Aside from far fewer restrictions on abortions, Patrycja remembers longer, more thorough medical visits and shorter wait times. And apart from regular visits at a doctor’s office close to the Polish border, she also was referred for specialized testing to Ostrava. Even with these added costs, she admits that she paid less in the Czech Republic than she would have for private medical visits in Poland. She estimates having paid about a third of the price of private Polish gynecologists.

Polish women have also been crossing the border for in-vitro fertilization procedures, and others still have been specifically failing to register their pregnancies in Poland — mostly out of fear of potential legal or social consequences as a result of fetal deformities or miscarriages. Unlike in Poland, where all pregnancies are registered into the medical system, the Czech Republic does not report this information, which makes some Polish women feel a lot more comfortable about their medical security and family planning.

The fears of discrimination — even around uncontrollable phenomena such as miscarriage — have been arguably amplified by recent events covered in the Polish media. Last week, a 41-year old woman known only as “Ola” told Wysokie Obcasy that after miscarrying, police showed up to her home, even going so far as to search her wastewater systems for signs of the fetus.

What next? 

Is there something that can be done to help make the Polish healthcare system more accessible to Ukrainians?

In Karauda's opinion, the introduction of translators who could work with several hospitals over the phone would be useful. The same situation should apply to psychological help. Even though over a year has passed since the outbreak of the war, psychologists are still a much-needed resource for refugees.

“Translators and translators should be appropriately compensated for their services, because it is hard work that requires motivation, and since it is something that is much-needed, and if it's really true that our economy is functioning perfectly as we hear so often in this country, then maybe there is enough funding for this to occur?” he said.

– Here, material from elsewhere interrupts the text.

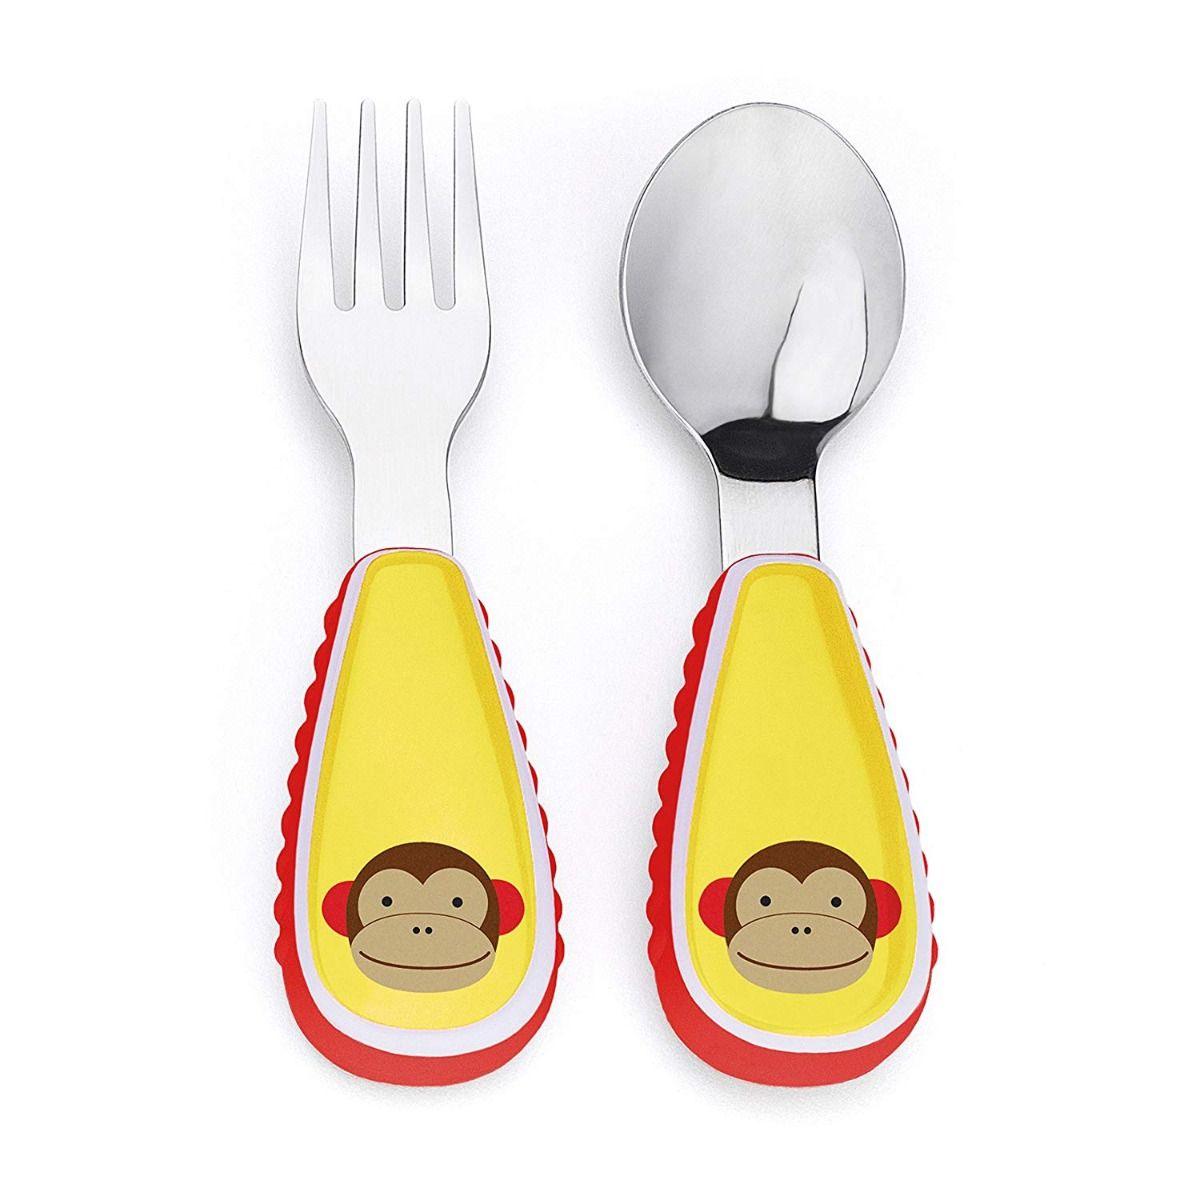 Skip Hop Zoo Utensils Fork & Spoon Monkey - Weaning Accessory For Ages 0-3 Years

In the back of their minds, there is always the war, the ruined home.

Ałła Majewska instead believes that rather than promoting translators, it would be better if Poland were to accept more doctors and nurses from Ukraine. However, she is still satisfied that both Poland and its health system have at least tried to support Ukrainian refugees.

Despite the difficulties, "There is so much that has been done for us," she said. In her view, the problem lies elsewhere. “Ukrainians didn’t arrive in Poland in order to seek medical care. They came here to protect their children from the war. They live in constant stress. Many of them have experienced trauma," she said. “They are alone, so they have to take care of everything themselves. And in the back of their minds, there is always the war, the ruined home, the old and ailing parents and the husband who is fighting on the front. Her own self and her health problems are often the least of her concerns."